Since no final reaming step is required, a reaming machine becomes superfluous .
An important advantage is that, by virtue of the cooling effect and the elimination of the deposits by the effect of the compressed air, the holes can be produced continuously, that is, with a constant forward movement, without the need for the conventional repetitions in accordance with the so- called "back drilling" method.
Experimental tests have shown that the same tool can produce more than 300 holes without undergoing appreciable wear or degradation. A further saving in time is therefore achieved by the reduction in down times for changing the tool . With the drilling tool according to the invention, it is possible to change from the conventional cycles with drill replacement after 80 holes (at most) to replacement every 300 holes or more.
The results of the tests also showed that the drilling tools according to the invention can produce holes which satisfy the tolerance requirements prescribed by the norms relating to the radial clearance for the connection members that are used to assemble an aircraft structure.
Although the Applicant does not wish to be bound by any specific theory in this connection, tests which he has carried out show that excellent results are achieved in terms of the precision of the hole and of tool life with a rake angle α of about 140° and that optimal evacuation of the chippings is achieved with a helix angle β of about 30- 40° with admission of compressed air at a pressure of about 5-6 bar.

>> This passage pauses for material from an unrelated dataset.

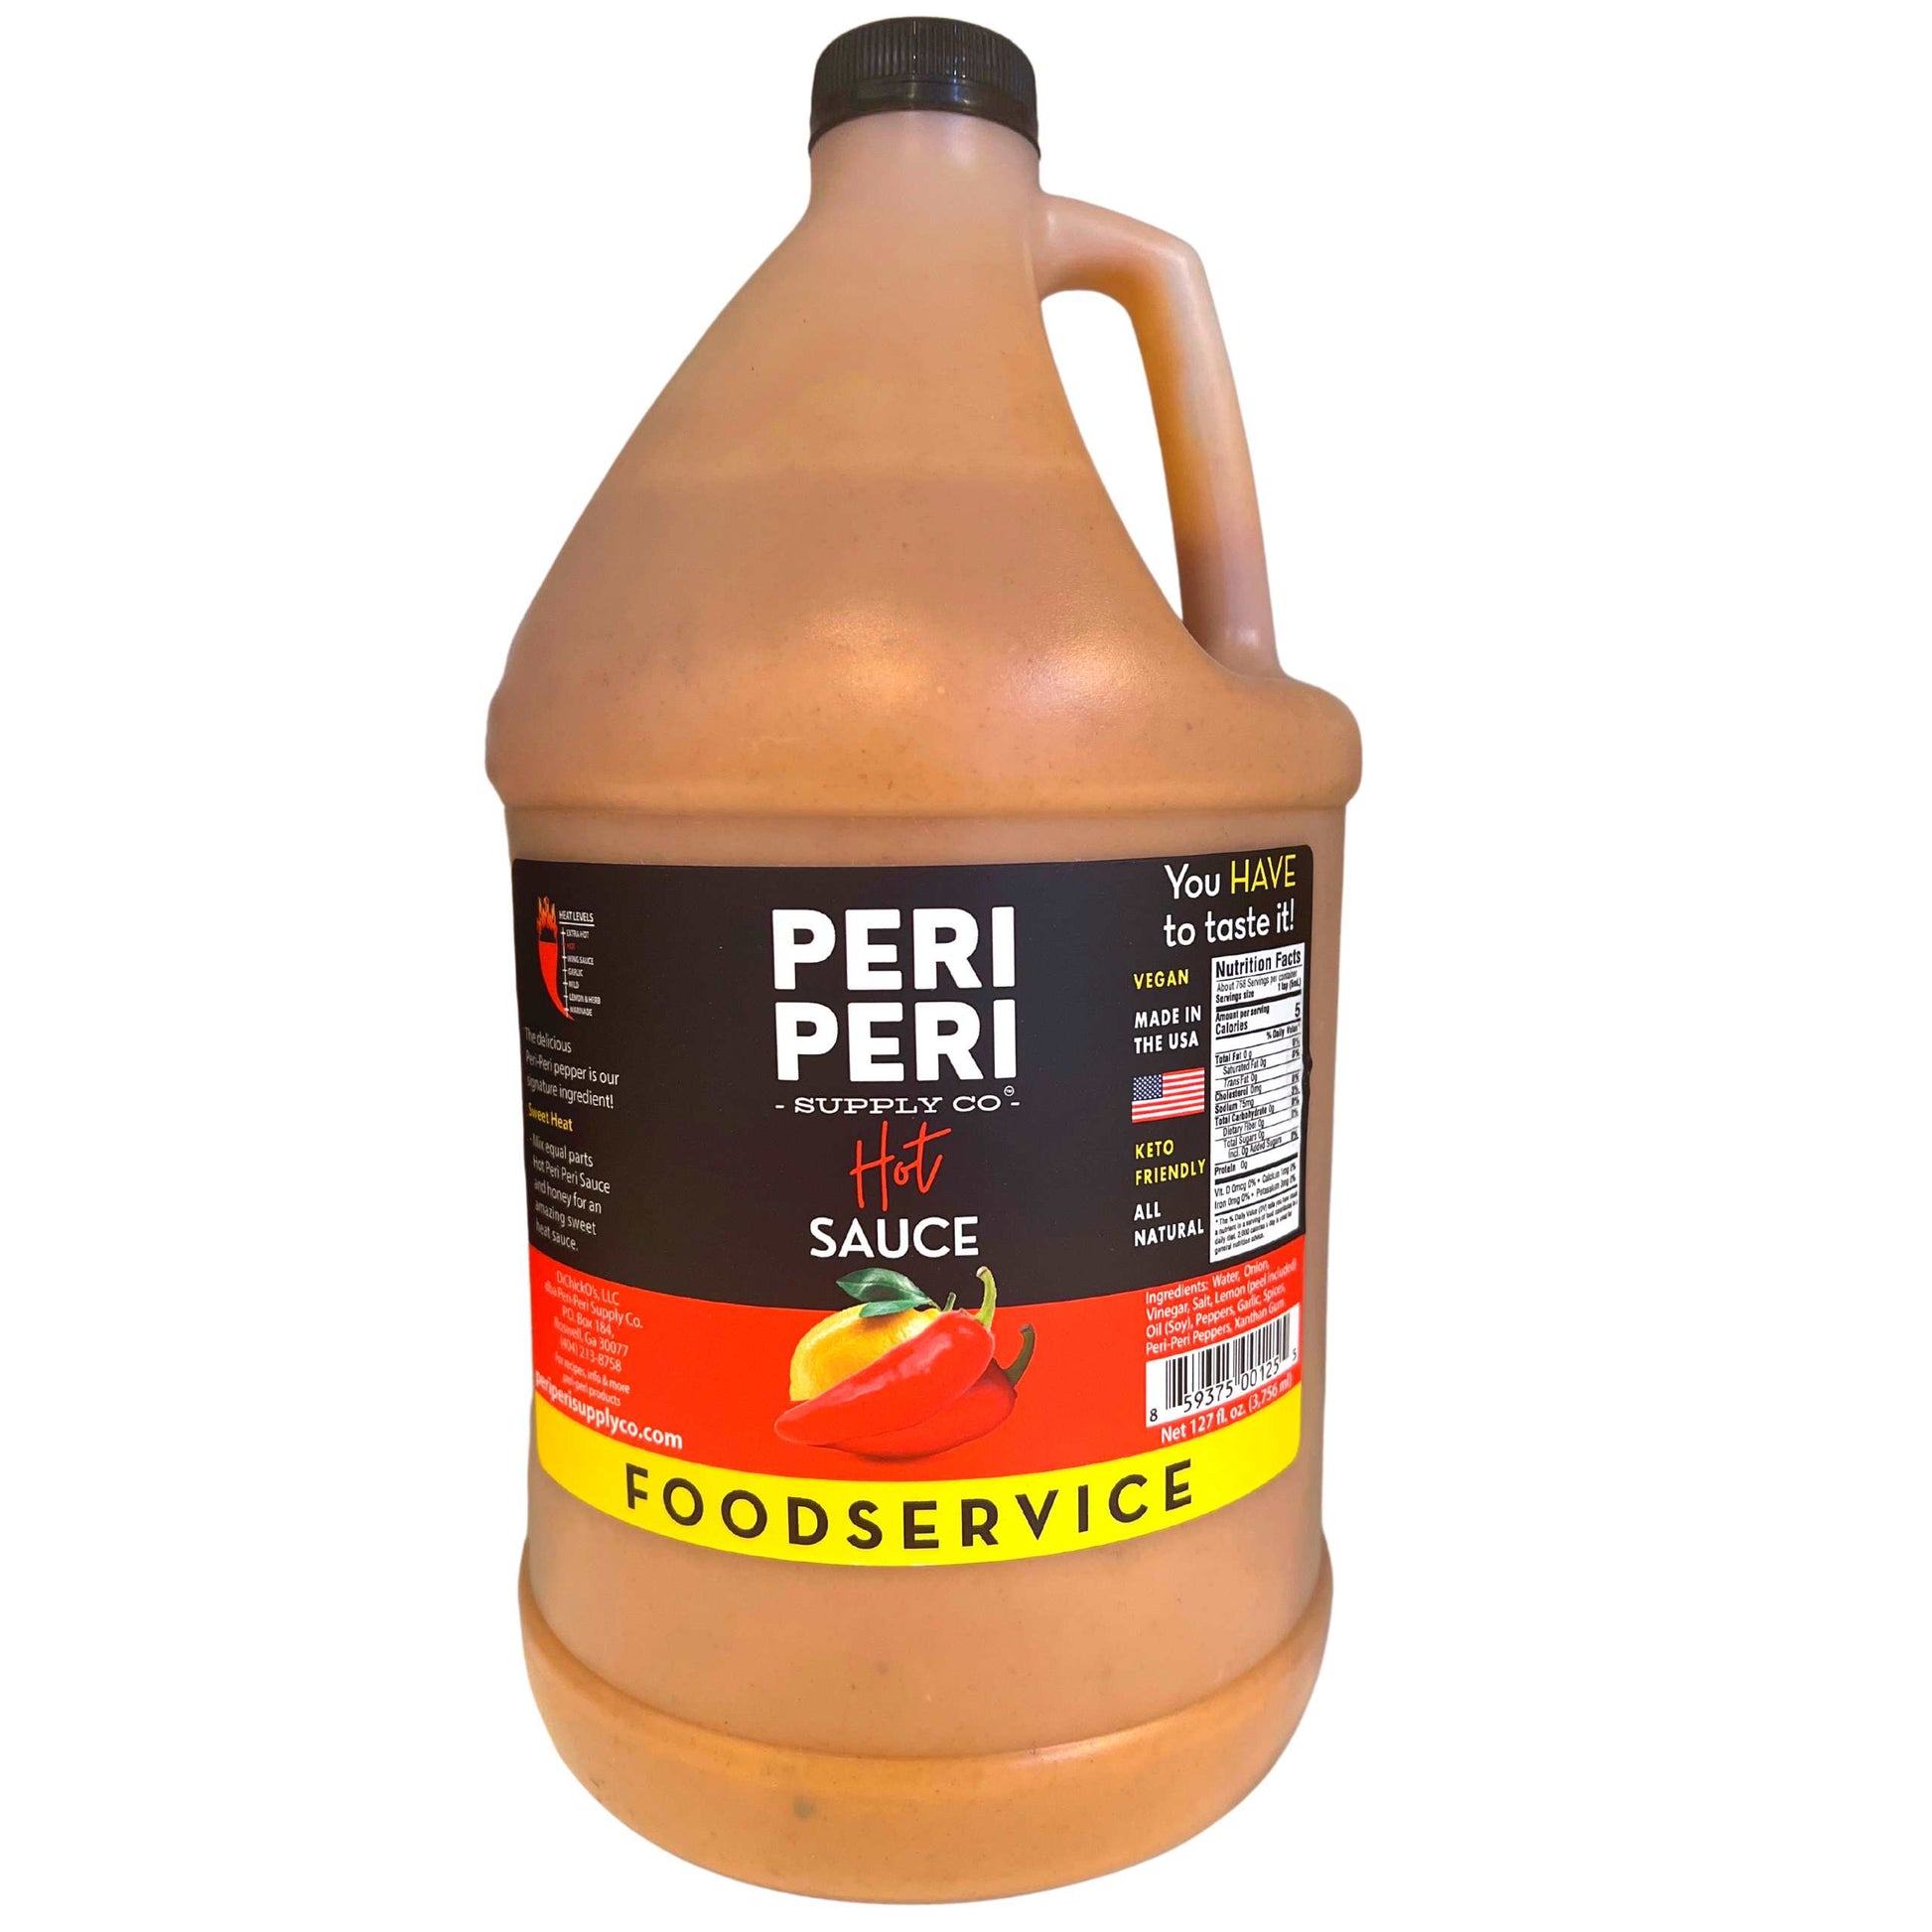 Hot Peri Peri sauce - The Peri Peri Standard - Wholesale 4 Gallons per case, Vegan, Gluten Free, Sugar Free, Made in America, Keto and Paleo Friendly

A second embodiment of a drilling tool according to the invention which is particularly suitable for making through- holes in carbon-fibre-based composite materials (CFCs) will now be described with reference to Figures 4 and 5 and with the use of the same reference numerals to indicate parts identical or corresponding to those of Figures 1 to 3.
The tip of the hard metal body 10 carries a sintered PCD (polycrystalline diamond) insert 16, fixed by braze welding in a suitable seat (not shown) formed at the distal end of the body 10.
As described above with reference to Figures 1 to 3 , the tool 10 also has two ducts 13, 14 which follow respective helical paths about the longitudinal axis x of the tool, permitting the flow of cooling compressed air. The compressed-air ducts 13, 14 extend through the body 10 from one or more inlet holes 15 formed in the end of the shank portion 11 and open in the vicinity of the diamond tip 16, as shown in Figure 5.
The drilling tool shown in Figures 4 and 5 affords substantially the same advantages as discussed above with reference to the embodiment of Figures 1-3. Experimental tests have shown that the drilling tool 10 with a PCD tip enables the average time required to produce a hole in a CFC composite material to be reduced from the conventional 25 seconds to about 7 seconds. The tips have been found not to be subject to breakages and to require cleaning of the diamond tip only after they have produced about 2000 holes.
The invention is not intended to be limited to the embodiments described and illustrated herein, which should be considered as examples of the drilling tool; rather, the invention may be modified with respect to shape, dimensions, and materials used.